The limitations of FITS are succinctly summarized in Thomas et al. (2014) and Thomas et al. (2015). Some of the limitations are quite frankly archaic: 8-character maximum keywords in the FITS header, lack of Unicode support, and incomplete support of basic unsigned integer types. Other limitations become apparent when compared against newer formats: FITS has no support for chunking, parallel I/O, or hierarchical data models.

Motivated by data volumes, the Hierarchical Data Format (HDF5) is becoming increasingly common in astronomy and science in general. HDF5 has several advantages over FITS, with I/O access speed being a compelling reason to make the switch. For example, HDF5 allows efficient reading of portions of a dataset, such as reading along slowly-varying axes of a dataset, which incurs significant overhead when reading from FITS files. A switch to HDF5 may save you lots of processing time.

For a more complete discussion, see HDFITS: porting the FITS data model to HDF5.

The HDFITS specification

The HDF5 format has an abstract data model, capable of storing myriad data structures. While there are many possible mappings from FITS into HDF5, we’ve implemented one that we are calling HDFITS v1.0. We encourage feedback, and invisage that comments from the broader community will lead to a HDFITS v2.0.

The goal of HDFITS/fits2hdf is to provide a HDF5-based equivalent of the FITS file format, and to provide utilities for converting between the two formats. The motivation of this approach, as opposed to creating an HDF5-based format from scratch, is that decades of widespread FITS usage has left a legacy that would otherwise be discarded. By preserving the familiar underlying data model of FITS, software packages designed to read and interpret FITS can be readily updated to read HDF5 data. Maintaining backwards-compatibility with FITS, so that data stored in HDF5 files can be converted into FITS for use in legacy software packages is another persuasive reason to pursue a FITS-like data model within HDF5.

Of course, a port of the FITS data model to HDF5 does not address issues with the FITS data model itself. Nevertheless, as the HDF5 data model is abstracted from its file format, an HDF5-based version of the FITS data model can be extended without requiring changes to the storage model. HDFITS can be used as a starting point and as a testbed for enhancing the FITS data model.

Alternatives

There are a bunch of alternative data formats, and if you’re a free spirit you can always roll your own higher-level data model inside the HDF5 abstract data model. Otherwise, look into:

  • NDF is the file format used by Starlink.

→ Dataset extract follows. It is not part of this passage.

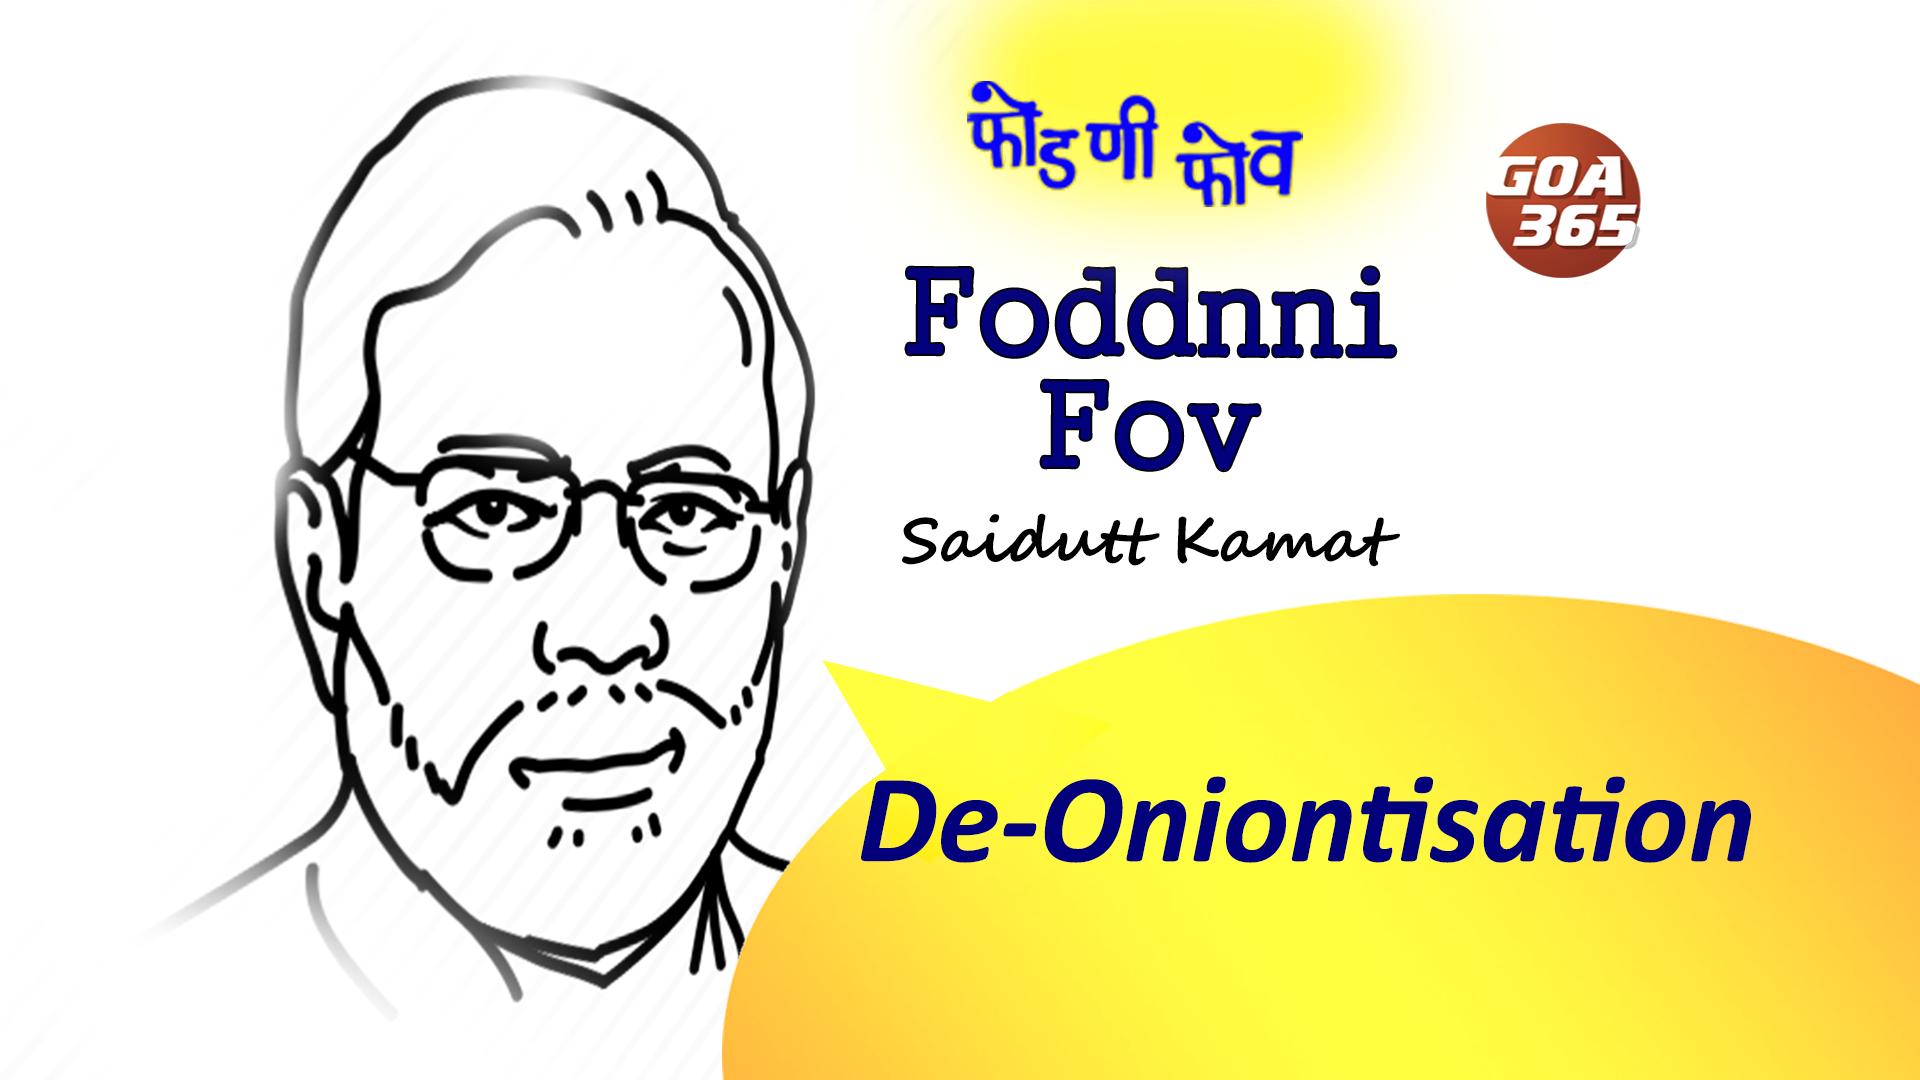 #FODDNNI_FOV : De-Oniontisation
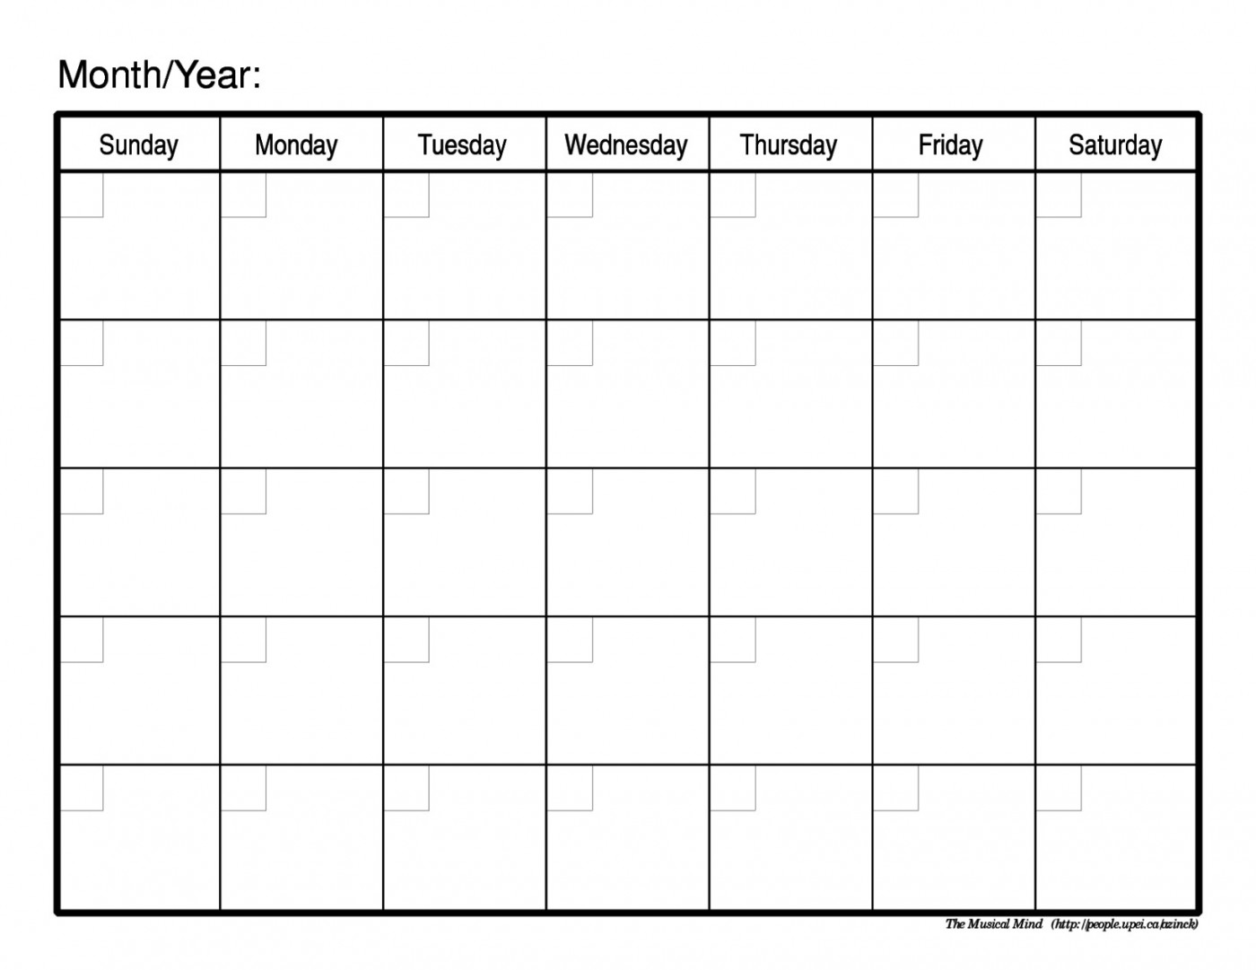 Monthly Calendar Spreadsheet For 001 Printable Monthly Calendar Templates Template ~ Ulyssesroom

Recently, Starlink added HDF5 support, meaning that you can use the Starlink utilities to convert from FITS into the NDF-HDF5 format.
  • hickle provides a HDF5-based drop-in replacement to the Python pickle package, allowing nice & lazy dumping of common python objects to file.
  • ASDF is a file format being developed for interchange, particularly for JWST.
  • MeasurementSets are how the CASA software package stores its data.
  • VOTables is an XML-based format designed for the Virtual Observatory.